The initial motivation was to create a daemon that would monitor a set
of log files and if no activity was present shutdown the operating
system. This was extremely useful for making sure my ec2 instances were
shut down after a specified idle time.
Given Sentinela's modular nature, you can also extend it to monitor
network traffic, processes, disk usage, etc. and run any actions such as
sending an email, send a SNMP alert, etc.
Basic configuration
Sentinela configured using the config/sentinela.cfg
file, which
allows you to enable rules which are going to be run.
Rules are defined in python code and are found in the rules/
directory. In most cases rules use two different types of modules: *
modules/monitors/
: Once every minute read from a resource and store
it's status. When required return True
to trigger an action. *
modules/actions/
: Actions will run a command, send an email or any
other python defined code you can imagine.
Running Sentinela
To start sentinela you need to run: text sudo python sentinela.py
You can monitor all sentinela actions by reading the
/var/log/sentinela.log
file. A regular sentinela log file looks like
this:
::
[2013-03-29 11:41:20,440][INFO] Successfully started
[2013-03-29 11:41:20,441][DEBUG] Imported rules.apache_shutdown
[2013-03-29 12:51:50,480][DEBUG] Sentinela is alive
...
[2013-03-29 12:58:34,009][DEBUG] Going to execute command "shutdown now -h".
Creating your own rules
Introduction
Creating your own rules is easy, lets say we want to create a rule that
prints the name of the monitor to sentinela's log file when the
/var/log/apache2/access.log
logfile is inactive during 10 minutes'.
The code will look like this:
::
1: from modules.monitors.new_log_entries import NewLogEntries
2: from modules.actions.debug_print import DebugPrint
3:
4: apache_log = NewLogEntries('/var/log/apache2/access.log', 10)
5: debug_print = DebugPrint()
6:
7:
8: def call_every_minute():
9: if apache_log.call_every_minute():
10: debug_print.do(apache_log)
Source Code Analysis
Common rules will have a monitor and an action, in this case they
NewLogEntries
and DebugPrint
(lines 1 and 2).
Both of them need to be instanciated at the module level (lines 4 and 5)
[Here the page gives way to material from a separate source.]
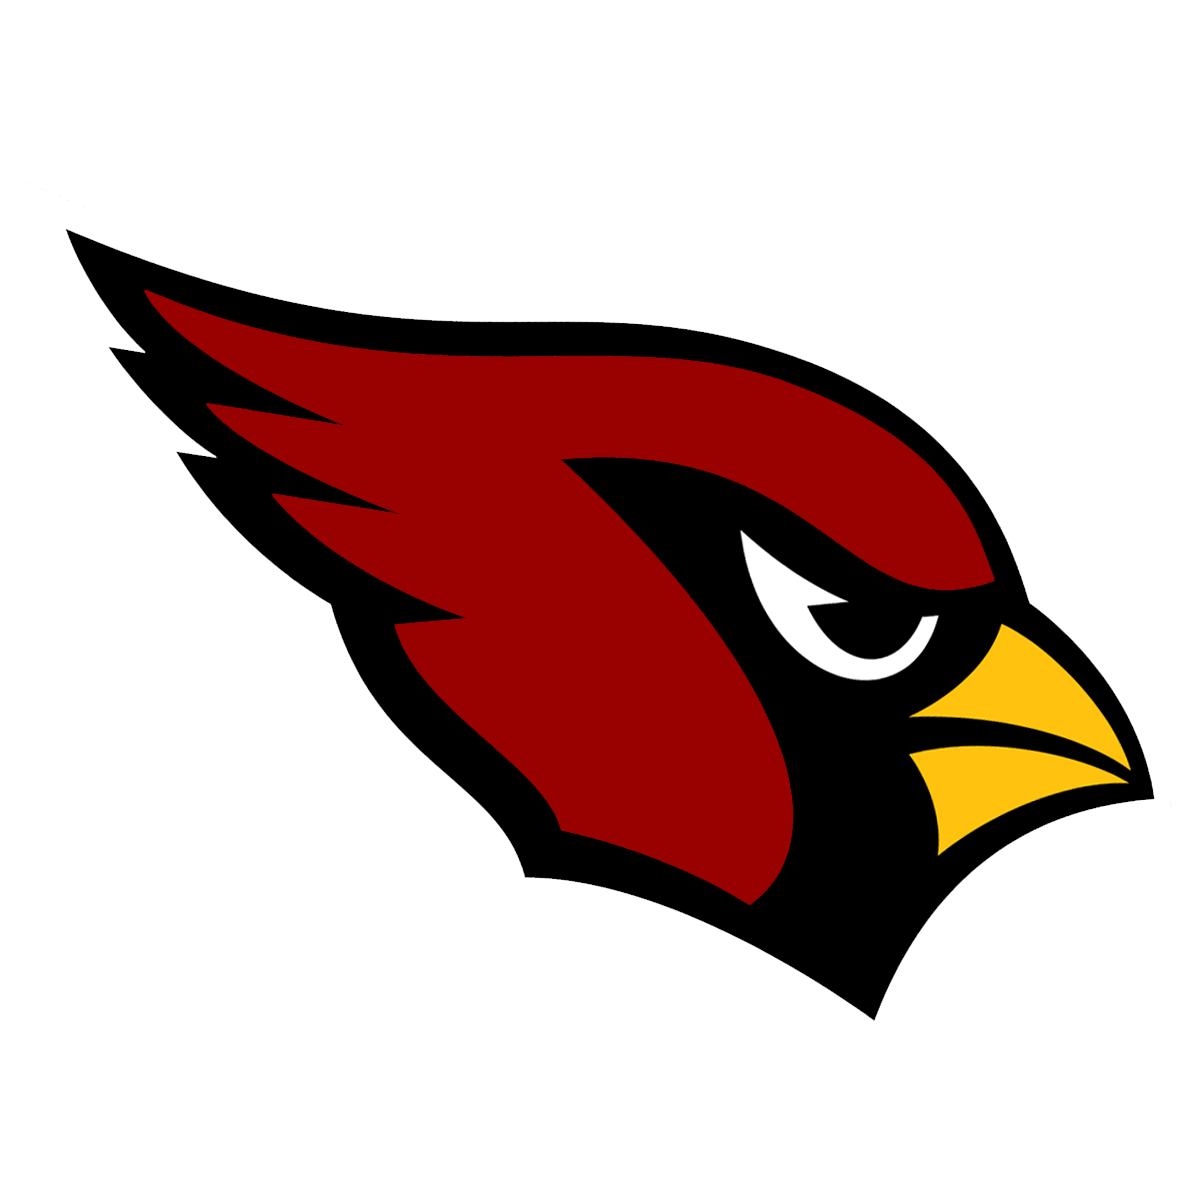 Cardinals Baseball Logo - Cardinal baseball svg transparent

in order to be able to keep state. If you create your monitor or action
instances inside the call_every_minute
a new instance is going to be
created each time and no state will be kept.
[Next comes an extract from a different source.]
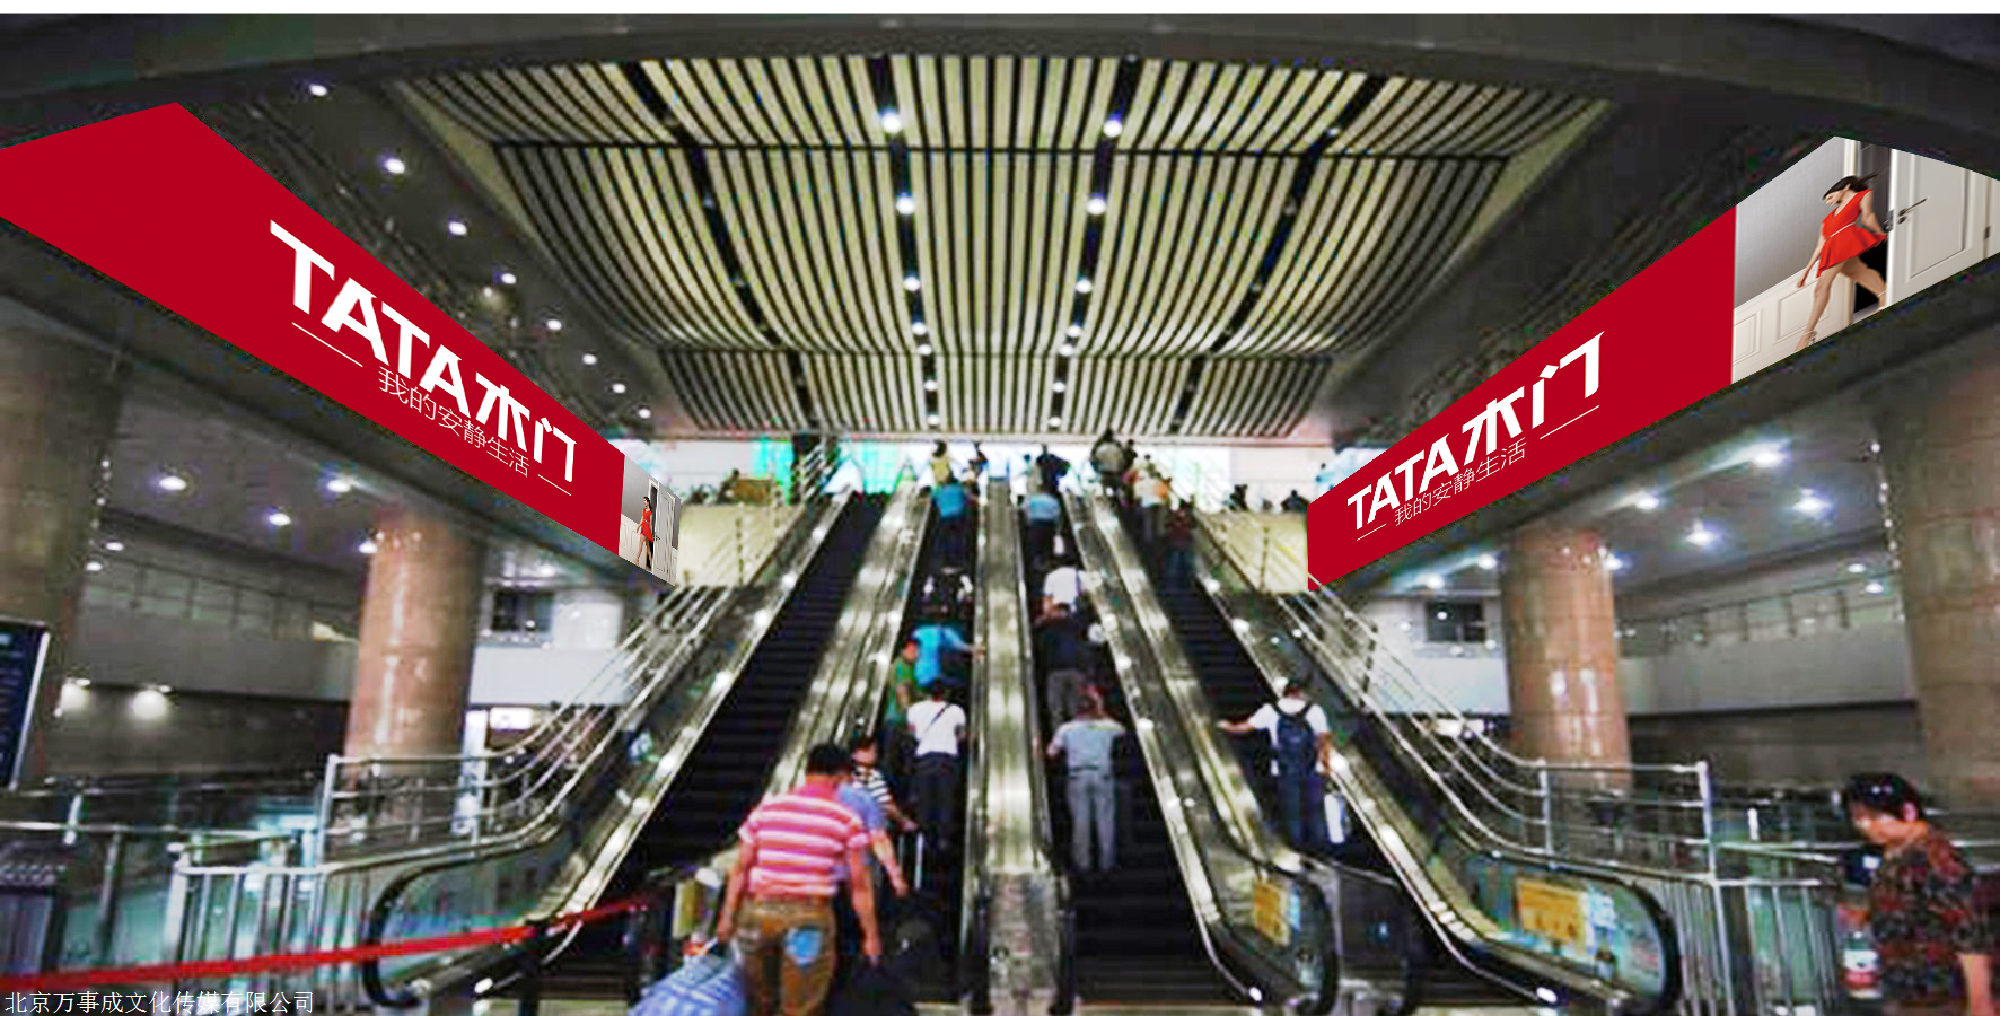 北京西站南进站大厅广告整体布局

Monitors and actions can have parameters, in this line 4 we see how the
NewLogEntries
monitor takes two parameters:
- The log file to monitor for changes
- How many minutes of inactivity it will wait until returning
True
The call_every_minute
function (line 8) needs to be defined for a
rule to be valid. This function, as the name indicates, will be called
every minute by sentinela. You could define any actions to be run in
this context, but we decide to call the monitor's call_every_minute
method and based on it's return value call the action with the
apache_log
instance as parameter.
apache_log.call_every_minute()
will return True
only if the file
passed as parameter doesn't have any new entries in 10 minutes.
debug_print.do
will print the name of the monitor passed as
parameter.
Enabling new rules
Once you've created your own rule, you'll have to follow these steps to
run them:
- Copy your
.py
file to the rules/
directory in the sentinela installation - Update the
config/sentinela.cfg
to include your rule name (without the extension) - Restart the sentinela daemon
Example rules
Example rules can be found in the
sentinela/rules <https://github.com/andresriancho/sentinela/tree/master/sentinela/rules>
_
directory in this repository.
Testing new rules
In order to test your new rules before deploying them you can follow
these steps <https://github.com/andresriancho/sentinela/wiki/Testing-your-changes>
_.
Reporting bugs
Report your issues and feature requests in Sentinela's issue tracker <https://github.com/andresriancho/sentinela/issues>
_ and I'll
be more than glad to fix them.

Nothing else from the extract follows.